Since \(\Delta_{rxn}H^\circ <0\), the first reaction is exothermic and \(\Delta_{rxn}H^\circ >0\), the second reaction is endothermic.

Since we are working with thermochemical systems where heat is released or captured during a reaction, the following guidelines will help interpret, write, and manipulate thermochemical reactions.

Rules for working with thermochemical data

  1. All calculations have to be performed on balanced chemical reactions.

  2. Always specify all reactants and products’ physical states of matter.

  3. \(\Delta_{rxn}H^\circ\) means that this is the enthalpy change per mole of the reaction (or process) as it is written and does not refer to individual chemical species or the number of moles involved in each reaction.

  4. If both sides of a reaction are multiplied by \(n\), then \(\Delta_{rxn}H^\circ\) must be multiplied by \(n\).

  5. If reaction is reversed, \(\Delta_{rxn}H^\circ\) magnitude remains same, but sign changes.

Example: Application of thermochemical rules

Let’s calculate the \(\Delta_{rxn}H^\circ\) for the following chemical reactions:

\[\begin{split} \begin{align} \ce{ 4 H2(g) + 2 O2(g) &-> 4 H2O(g) \\ H2O(g) &-> H2O(l) } \end{align} \end{split}\]

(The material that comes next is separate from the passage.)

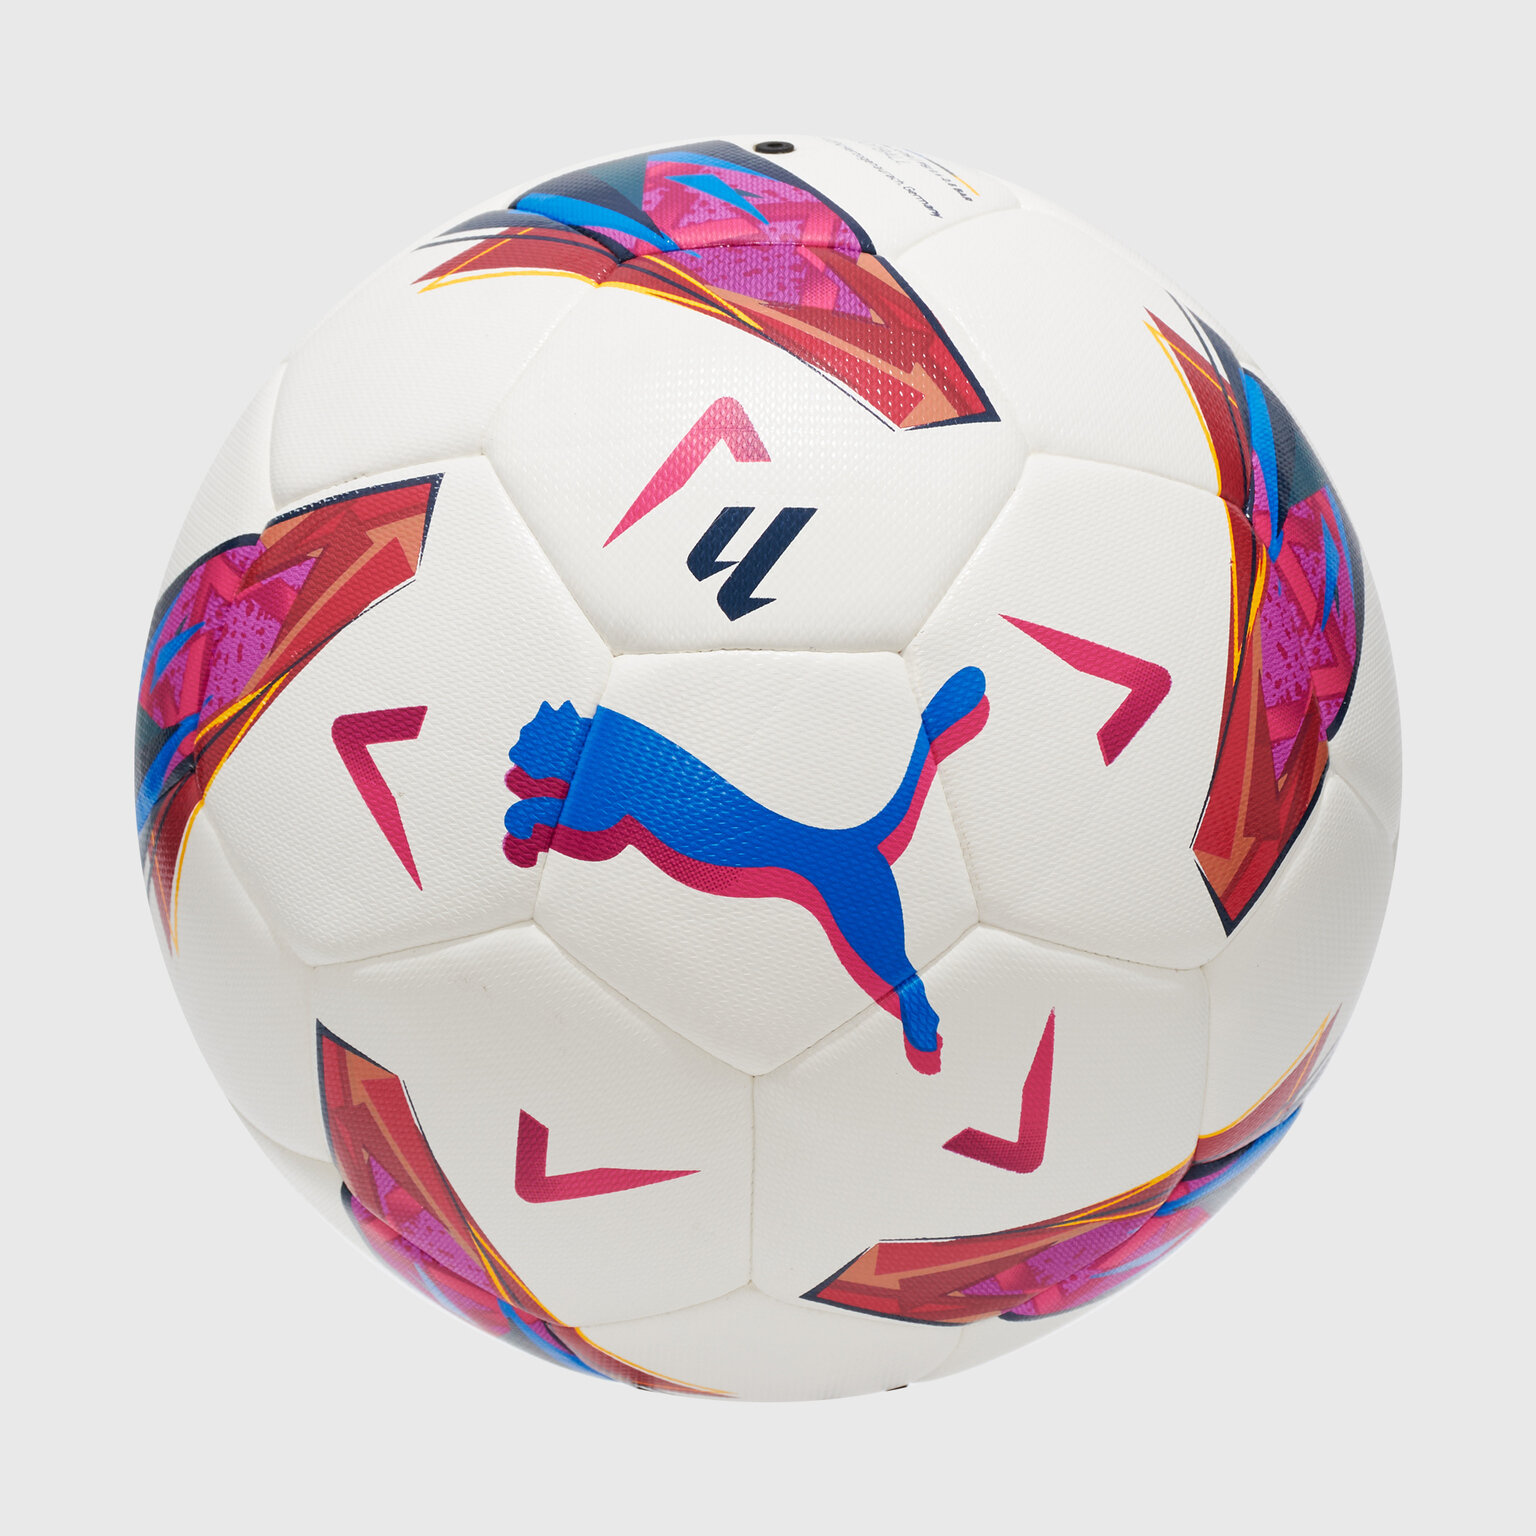 Футбольный мяч Puma Orbita Laliga 1 08410801, размер 4, Белый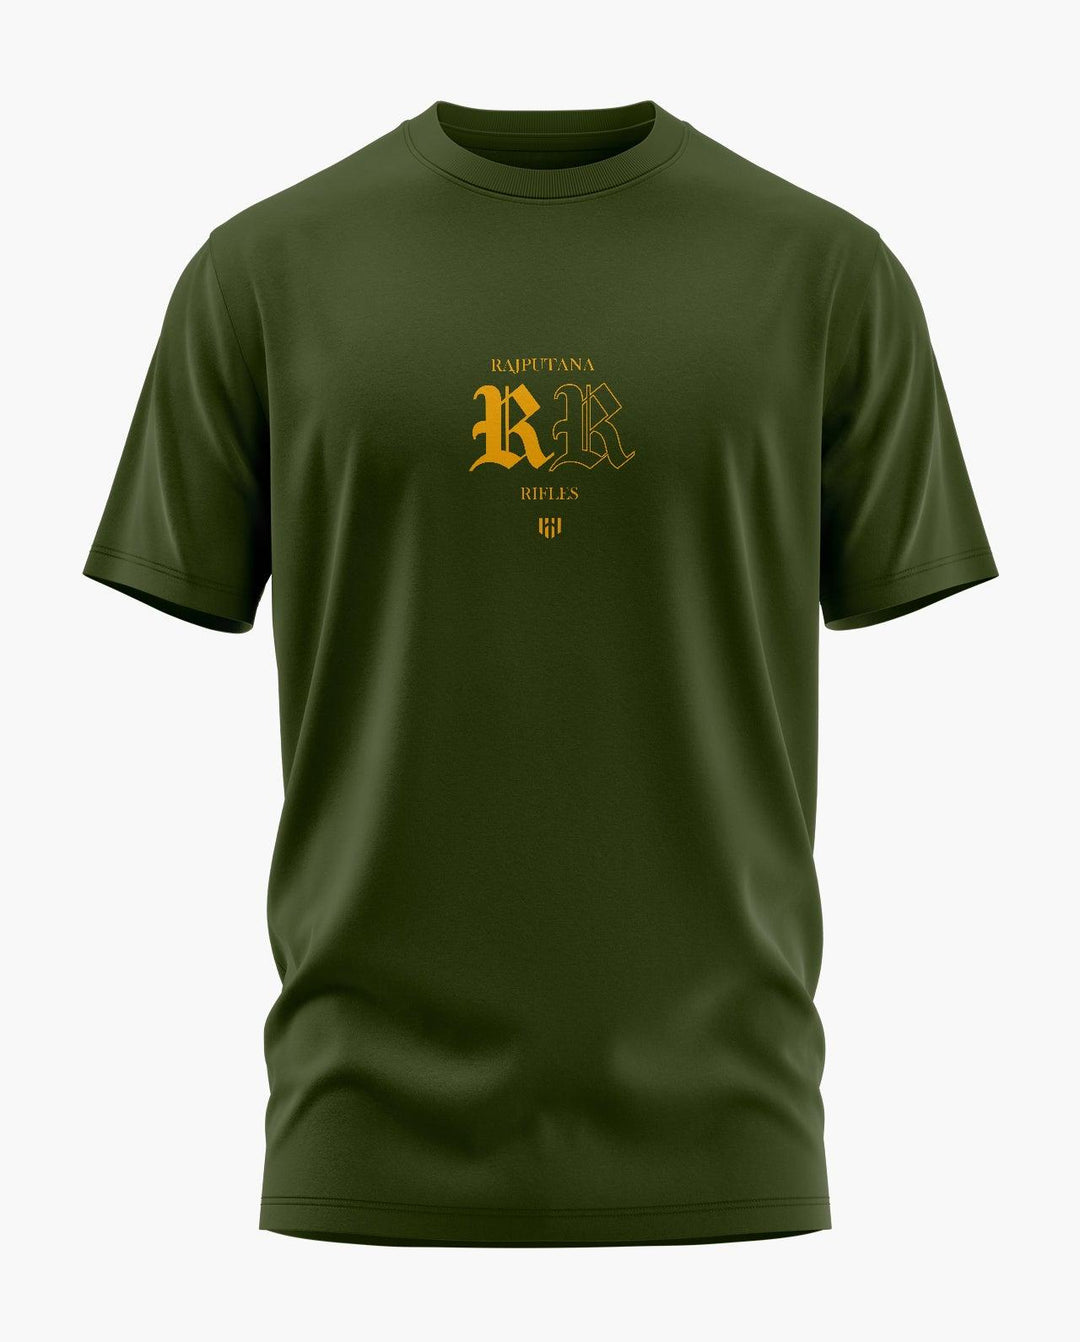 Rajputana Rifles Aero Armour T-Shirt - Aero Armour

If we used \(\Delta_{f}H^\circ\) from the table in the previous example, we could calculate \(\Delta_{rxn}H^\circ\) as \(\pu{−967.2 kJ mol-1}\) and  \(\pu{−44.0 kJ mol-1}\), respectively in these reactions.

Example: Application of thermochemistry and mass balance

Let’s calculate the heat evolved when \(\pu{75 g}\) of \(\ce{SO2(g)}\) is oxidized to \(\ce{SO3 (g)}\) as shown in the reaction below:

\[ \ce{SO2(g) + 1/2 O2(g) -> SO3(g)} \]

\(\Delta_{rxn}H^\circ = \pu{-99.1 kJ mol-1}\)

According to this reaction, \(\pu{1 mole}\) of \(\ce{SO2(g)}\) is oxidized to \(\pu{1 mole}\) of \(\ce{SO3(g)}\) resulting in \(\Delta_{rxn}H^\circ = \pu{-99.1 kJ mol-1}\) (release of energy into surroundings)

The molar mass of \(\ce{SO2(g)}\) is \(\pu{64 g}\) (\(\pu{1 mol} = \pu{64 g}\)) or, in other words, \(\pu{64 g}\) of \(\ce{SO2(g)}\) results in \(\Delta_{rxn}H^\circ = \pu{-99.1 kJ mol-1}\).

Therefore, \(\pu{75 g}\) of \(\ce{SO2(g)}\) results in:

\[ (\pu{75 g}\, \ce{SO2}) \cdot \left(\dfrac{\pu{1 mol}\, \ce{SO2}}{\pu{64 g}\, \ce{SO2}}\right) = \pu{1.2 mol}\, \ce{SO2} \]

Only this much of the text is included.